((
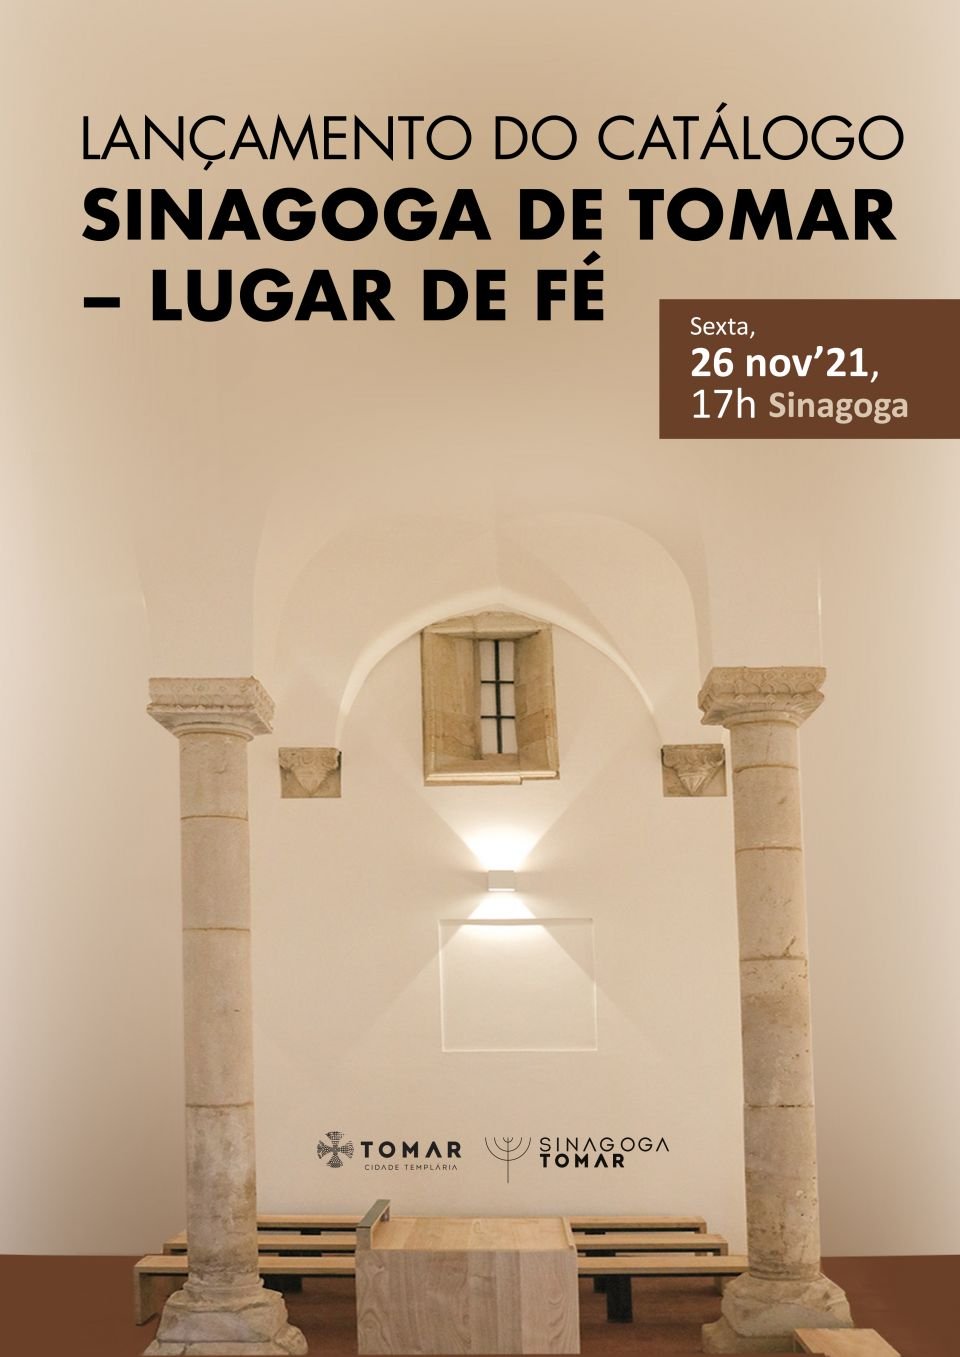 Lançamento do catálogo “Sinagoga de Tomar – Lugar de Fé”
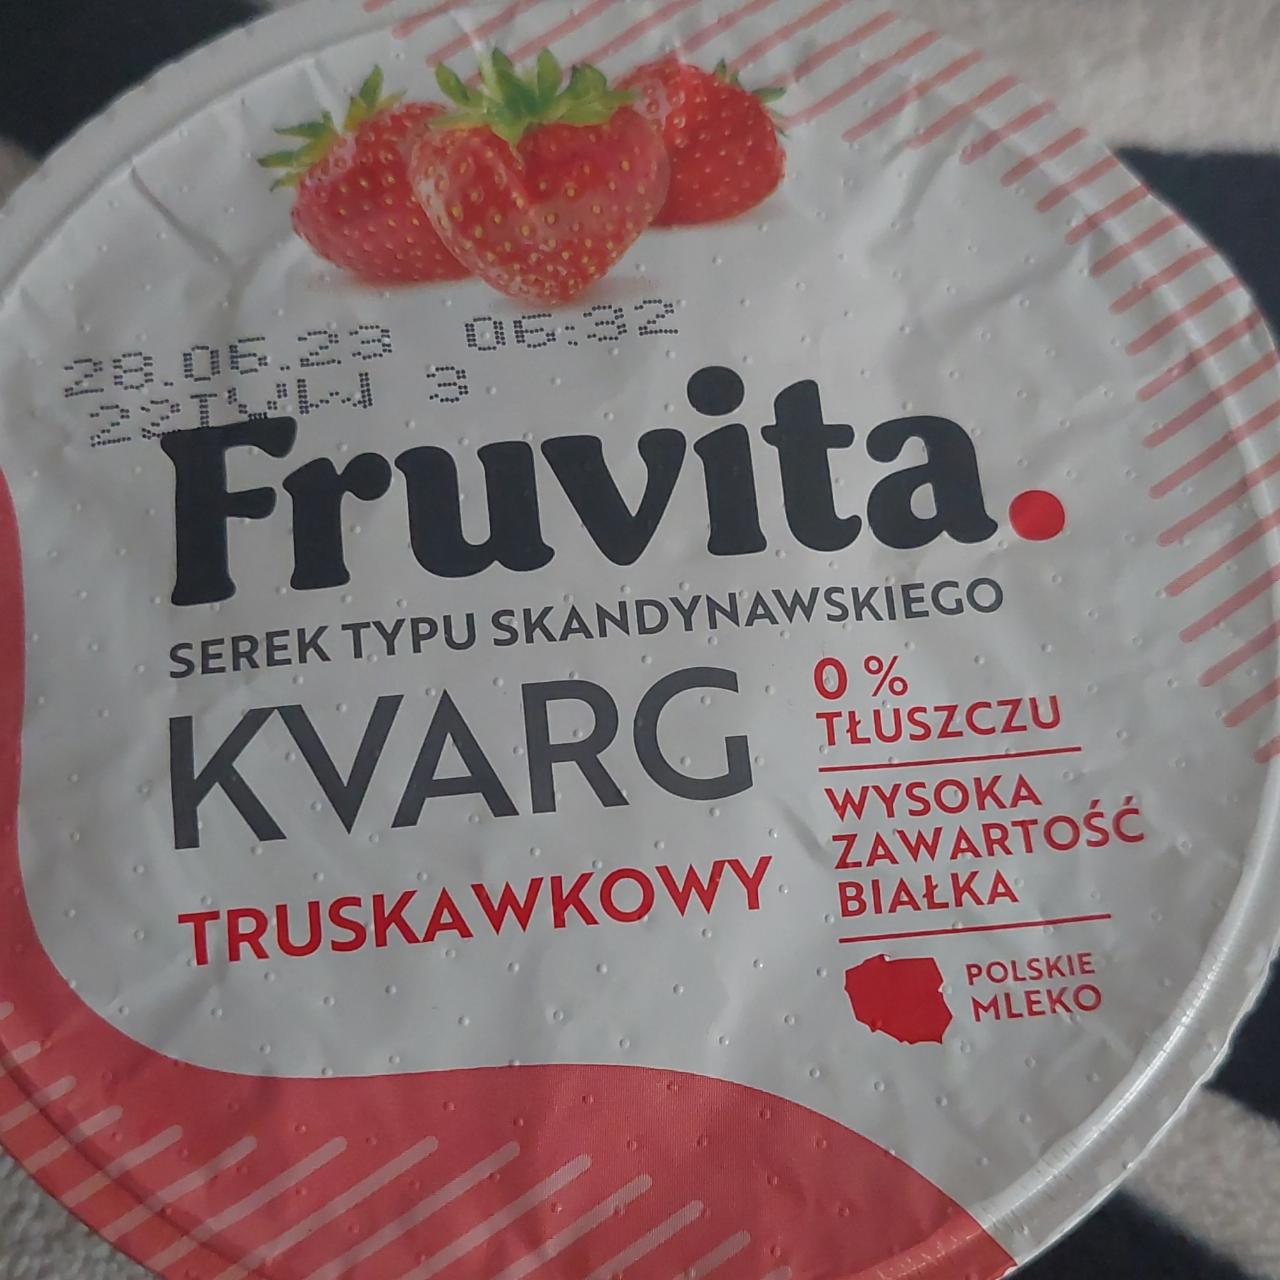 Фото - Скандинавський ванільний сир Kvarg FruVita
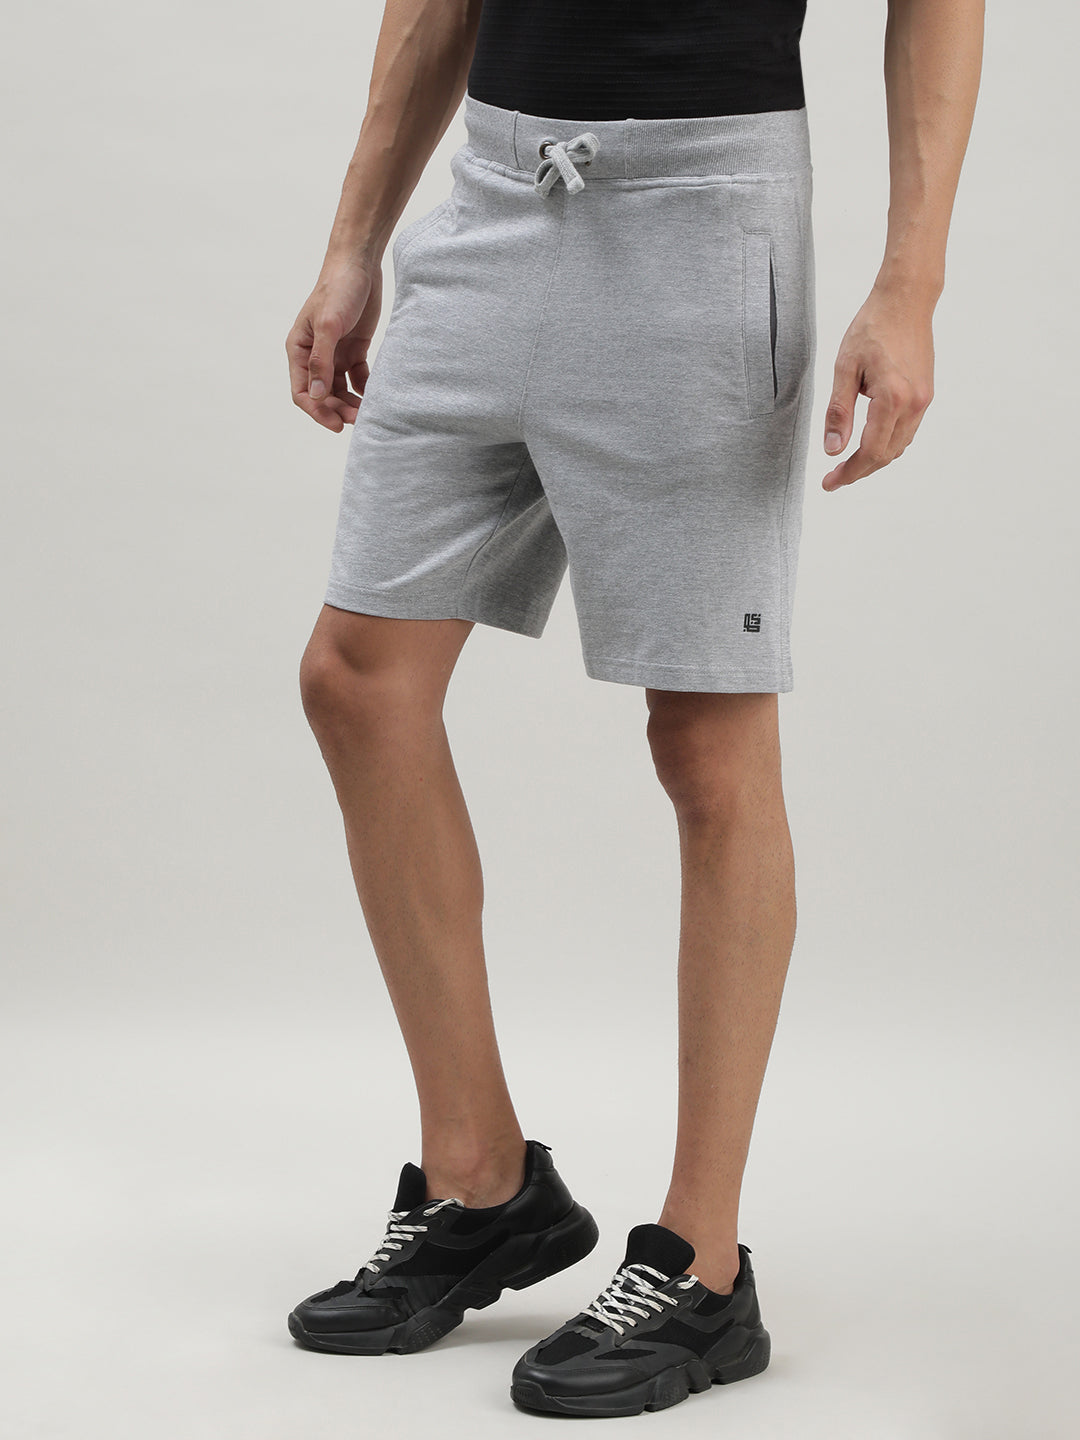 Light Grey Shorts for Men
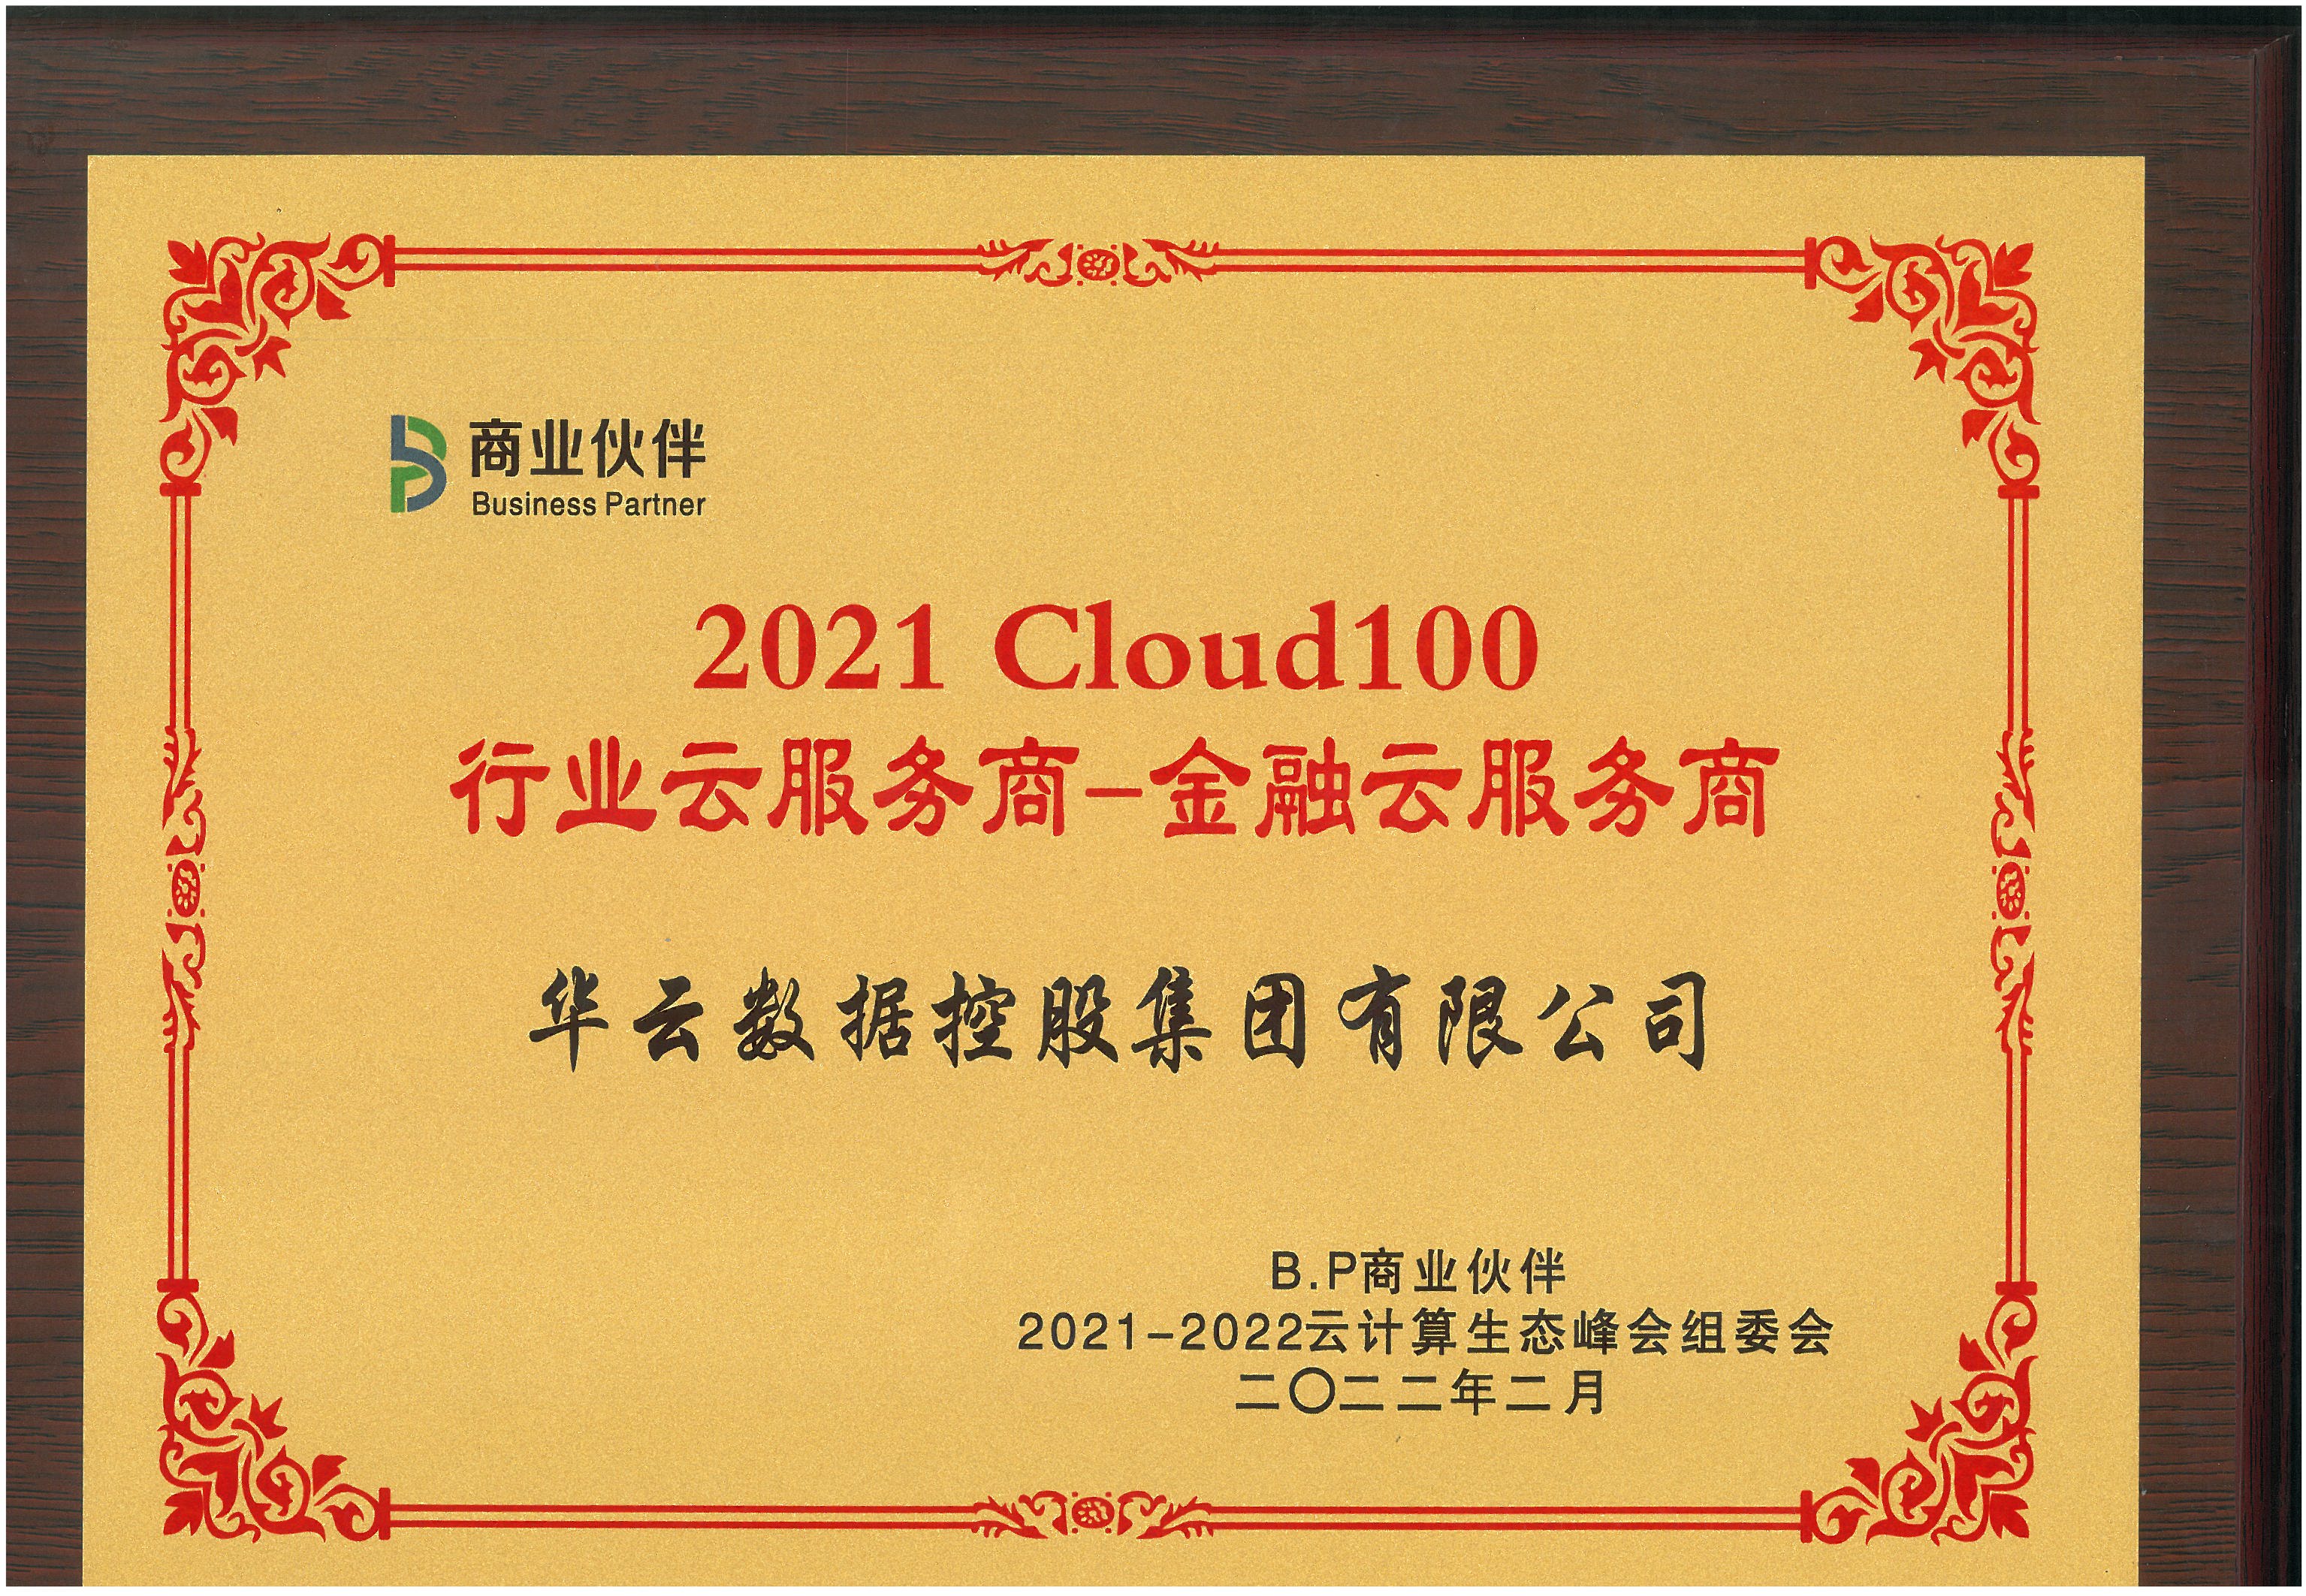 2021Cloud100行业云服务商-金融云服务商
))
**To do**
Each line from the one containing "Light Grey Shorts for Men" through the last line of the listing must be copied exactly, and the pictures must not be.

**Your response**
 Light Grey Shorts for Men
 2021Cloud100行业云服务商-金融云服务商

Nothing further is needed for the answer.